一个多月后,安平镇邪司值房。
檀香袅袅,县尉张成端坐于宽大的雕花椅上,指尖轻轻摩挲着一卷墨迹未干的呈报,深邃的目光落在下方垂首而立的楚白身上。
“很好。”
张成放下卷宗,紧绷的威严面孔上难得露出一丝笑意,“这大半年来,安平县的妖邪卷宗清减了近四成,你统领的斩妖队,当真是让这辖区面貌焕然一新。”
对于楚白这个一手提拔上来的斩妖令,张成此时是打心底里感到满意。
想当初,他力排众议强行改制,撤去原有的三支杂乱队伍,重组为“斩妖”、“镇魔”两支精锐,此举无疑动了县里不少地头蛇和保守势力的利益。
那时县令的态度始终模棱两可,暗地里的豪族更是蠢蠢欲动,等着看这场闹剧收场。
然而,楚白用一份份带血的功勋堵住了所有人的嘴。
能做成事,在这以实力和政绩为考量的大周官场,便是最硬的道理。
“自从卢家那颗毒瘤被你亲手剜掉后,城里的气氛确实清爽了不少。”
张成感叹道,身体微微前倾,“那些个往日里喜欢在阴影里搞小动作的家族,如今见着咱们镇邪司的铁牌都要绕着走。这成立不久的斩妖司,总算是杀出了几分名动安平的威名。”
楚白神色从容,并未因夸奖而露出半分骄态,只是拱手应道:“皆赖县尉大人运筹帷幄,下属不过是依令而行。”
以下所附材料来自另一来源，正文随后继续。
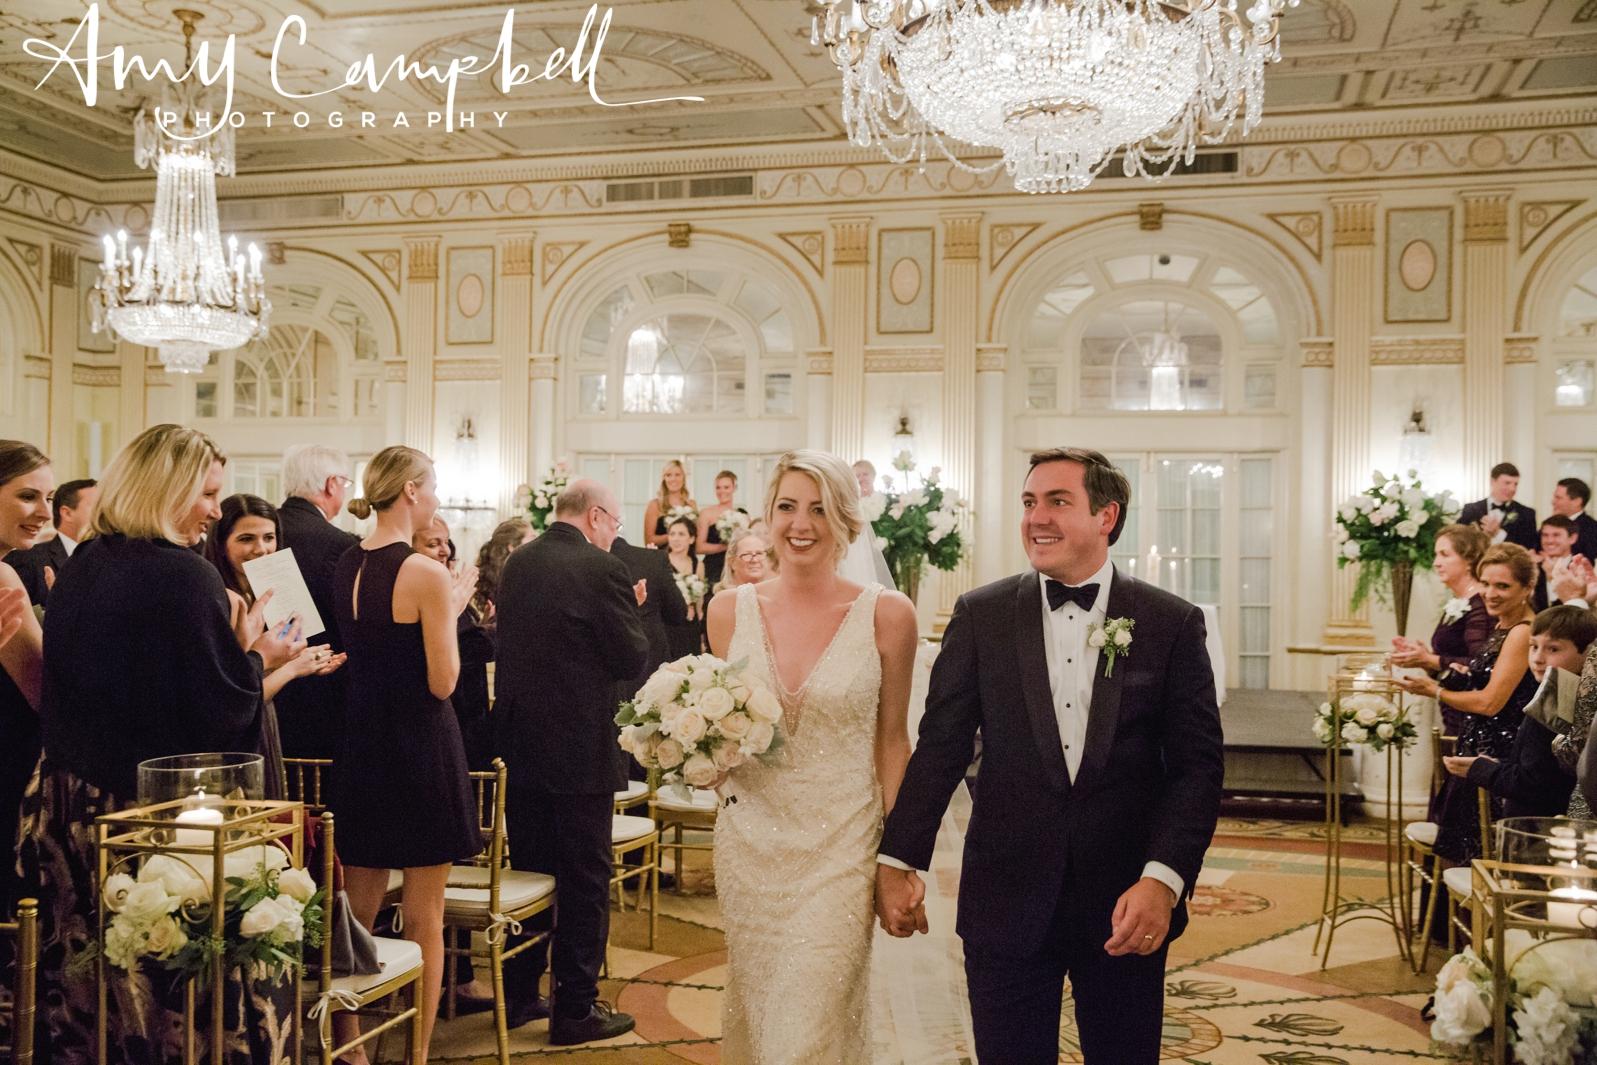 emmakyle_wedding_fb_amycampbellphotography_0040.jpg
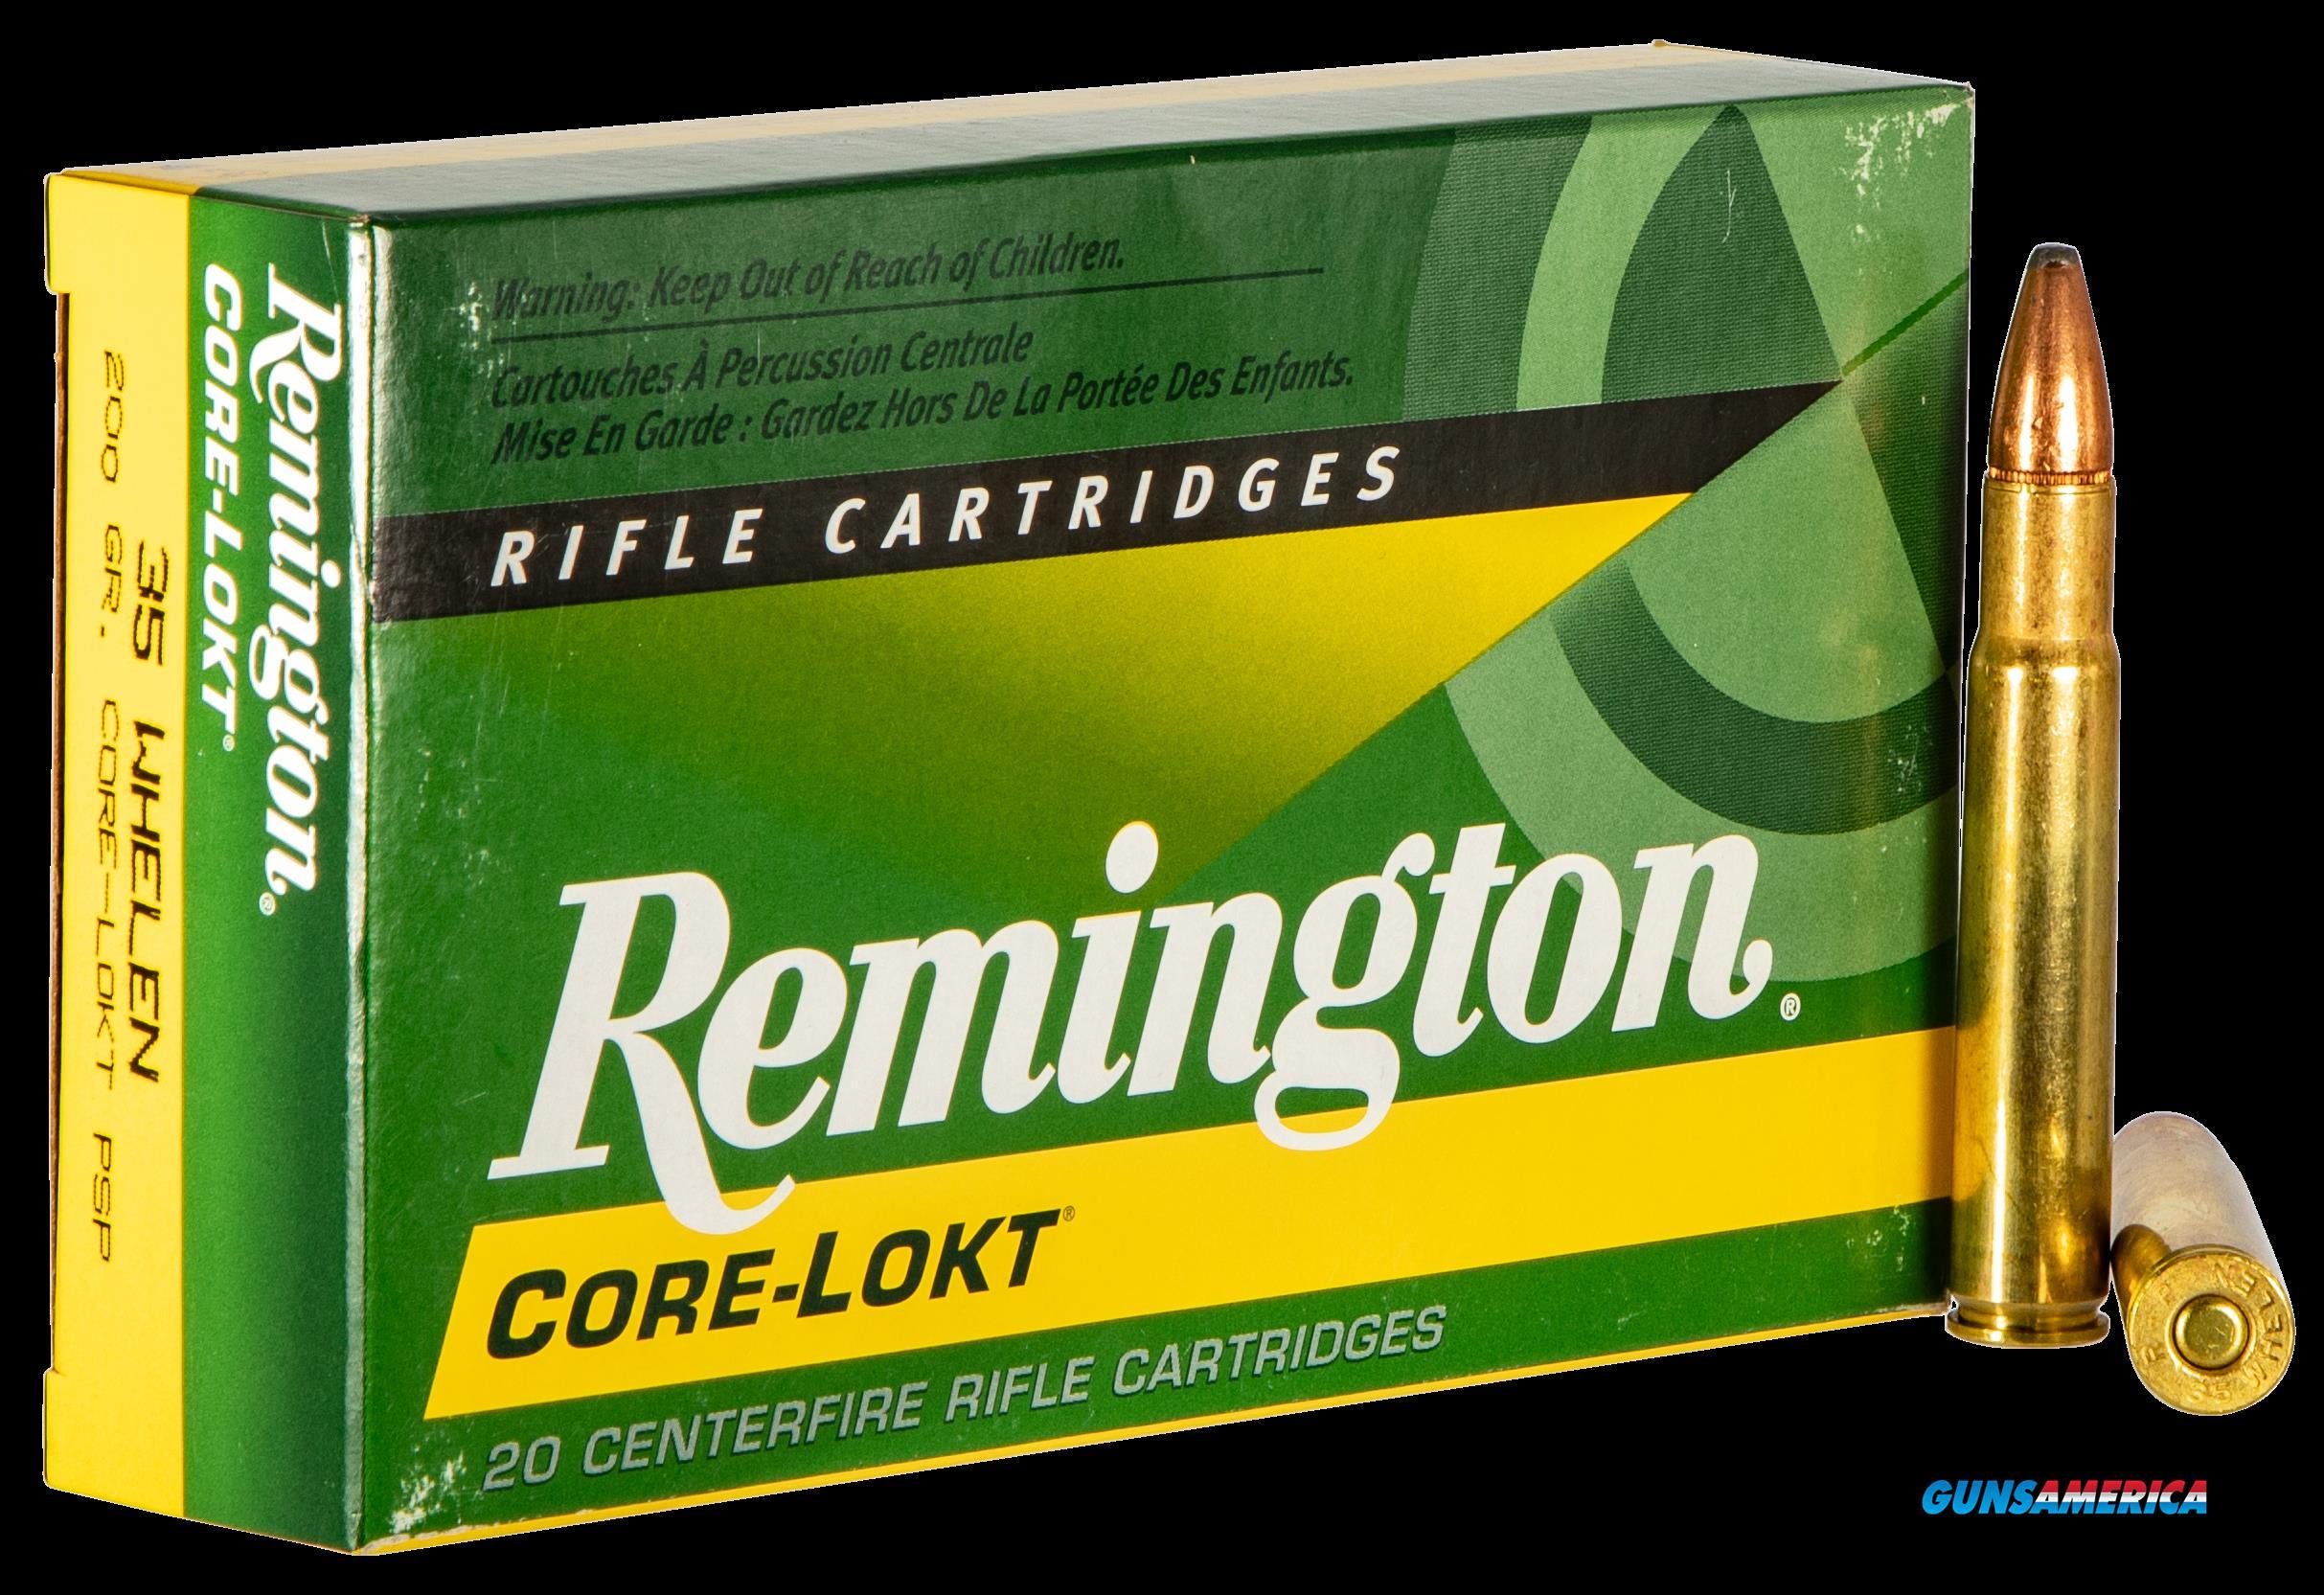 Remington Ammunition Core-lokt, Rem 21495 R35wh1   35 Whln   200 Psp   20-10  Guns > Pistols > 1911 Pistol Copies (non-Colt)

张成不置可否地笑了笑,话锋忽然一转,语气变得有些玩味:“不过,我最近倒是听闻,你与那吴家走得挺近?”
值房内的气氛似乎随着这一问微微凝滞。
楚白自离开道院、获得仙吏身份以来,便一直被视为张成的绝对心腹,是张成在镇邪司内最信任的利剑。
此时张成突然提及吴家,似是随口一问,实则包含了几分试探——在这官场之上,嫡系部下若与外部豪族私交过密,往往是忌讳的开端。
楚白抬起头,眼神不卑不亢,声音清澈依旧:“回禀大人,吴家的吴尚乃是恩师张道人的故交。因着这份香火情,恩师引荐,属下确实帮了他们一点私下里的小忙。”
说到这,他顿了顿,语气变得坦荡:“不过,在下受大人提拔,自是不敢因此徇私误公。
吴家寻狐之事,曾私下馈赠过一件法器,属下已将其封存于司内库房,登记在册。